CHAPTER 3: OWNER BIM FOR FM GUIDELINES

An owner needs to know what to ask for from the project team in order to get useful results for FM. This chapter presents a selection of owner guidelines that have been developed by public and private agencies that are used to specify their goals and expectations at each stage of the design, construction, and turnover process. All of the guidelines require that the project team develop a BIM execution plan (BEP) that specifies how the team will meet their requirements. A less experienced owner is advised to either hire a consultant or work with a knowledgeable contractor, architect, or engineer on their first or second projects to increase the likelihood of good results. Software vendors that market BIM FM integration applications are another source of practical knowledge. As in every other complex field, experience is an important component of success.

The General Services Administration (GSA) guidelines are presented in considerable detail as this agency has devoted a large effort involving both internal and external experts to define their goals, work processes, and information standards. Reviewing this standard will provide the user with a good understanding of the problems that need to be addressed by an owner, although they may not choose to use the same solution to these issues.

A selection of owner BIM guidlelines are summarized to give a picture of the variations that currently exist among agencies. Since BIM FM integration is relatively new, not all guidelines cover the requirements for this integration. However, it is likely that almost all will in the future.

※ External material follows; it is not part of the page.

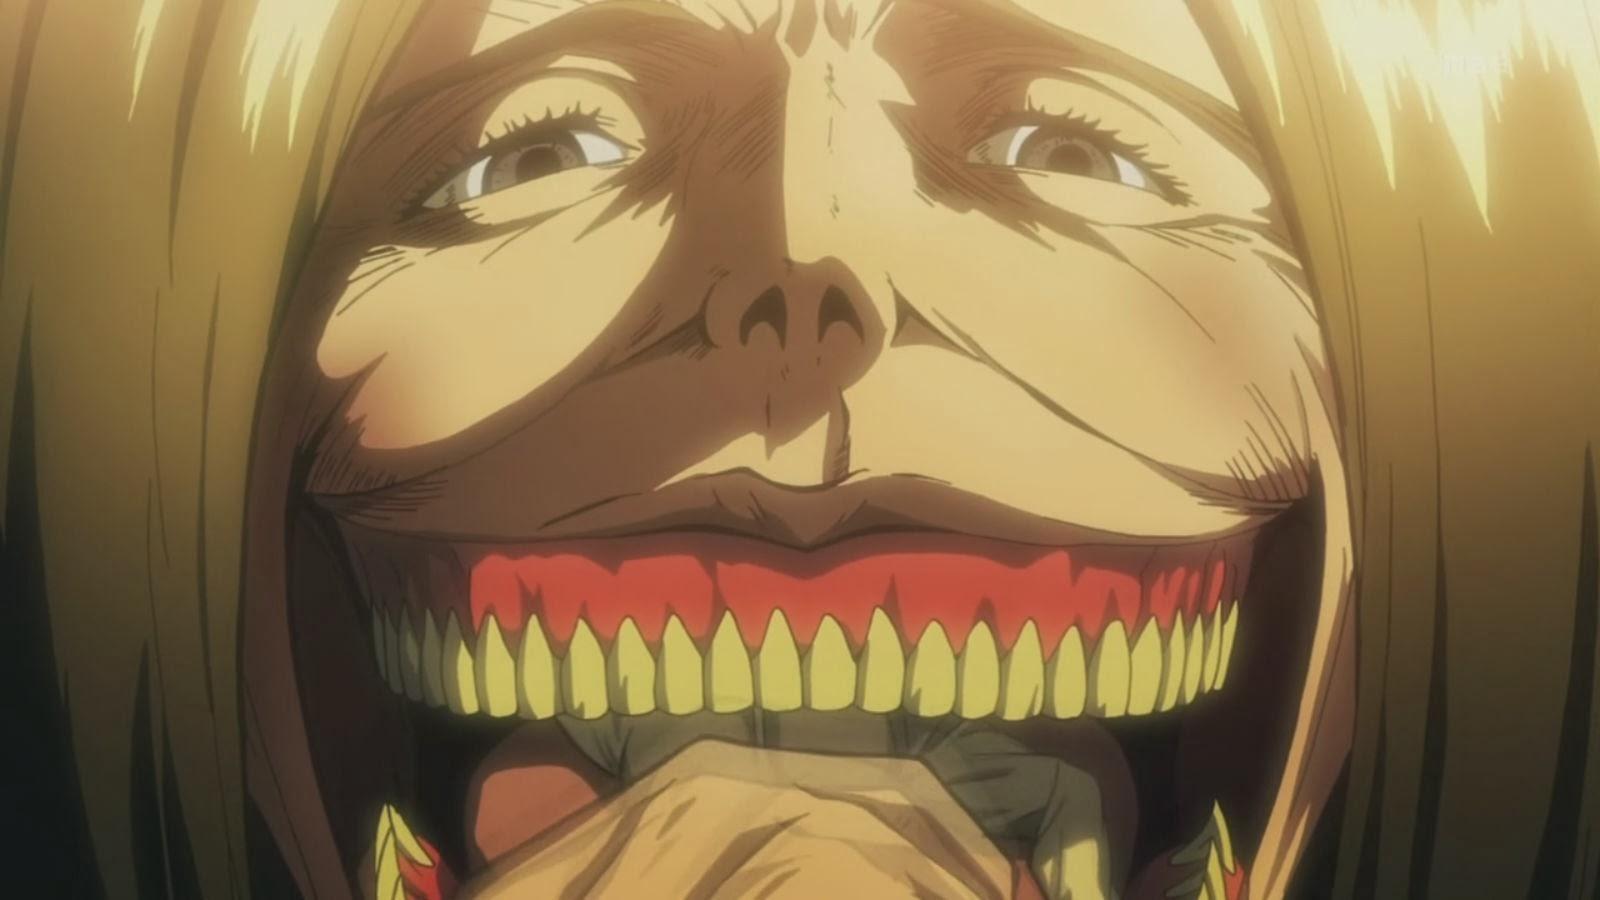 Sangre De Titan [Shingeki No Kyojin Fan-Fiction] Shingeki-no-kyojin-01-titan-meal-time+%25281%2529

CHAPTER 4: LEGAL ISSUES WHEN CONSIDERING BIM FOR FACILITIES MANAGEMENT

This chapter addresses four main issues, from a legal perspective, that owners implementing BIM for FM should consider:

In addition, the chapter discusses three additional issues: (1) whether the use of BIM will increase liability of the other parties, (2) how an integrated project delivery (IPD) environment affects reliance on BIM, and (3) whether insurance will cover the parties’ respective BIM-related work. All of these issues should be considered at the outset of the project and addressed with good contractual language.

CHAPTER 5: USING COBie

This chapter begins by describing the motives behind the COBie project. The spreadsheet format for COBie is described. Steps to implement COBie at a facility management office and ongoing work complete this chapter. The authoritative source for information about COBie is the Whole Building Design Guide’s COBie web site, where technical documentation, example models, and instructional videos can be found.

COBie is the only open-source approach to collecting FM data over the design, construction, and turnover phases of a project. It is being required for use by an increasing number of owners who desire open-source solutions. A COBie file (now in version 2.4) can be generated from a number of BIM modeling systems, and there are tests performed by the buildingSMART alliance (bSa) to test the completeness and accuracy of systems that write and read COBie files (COBie Challenge). These are described in this chapter.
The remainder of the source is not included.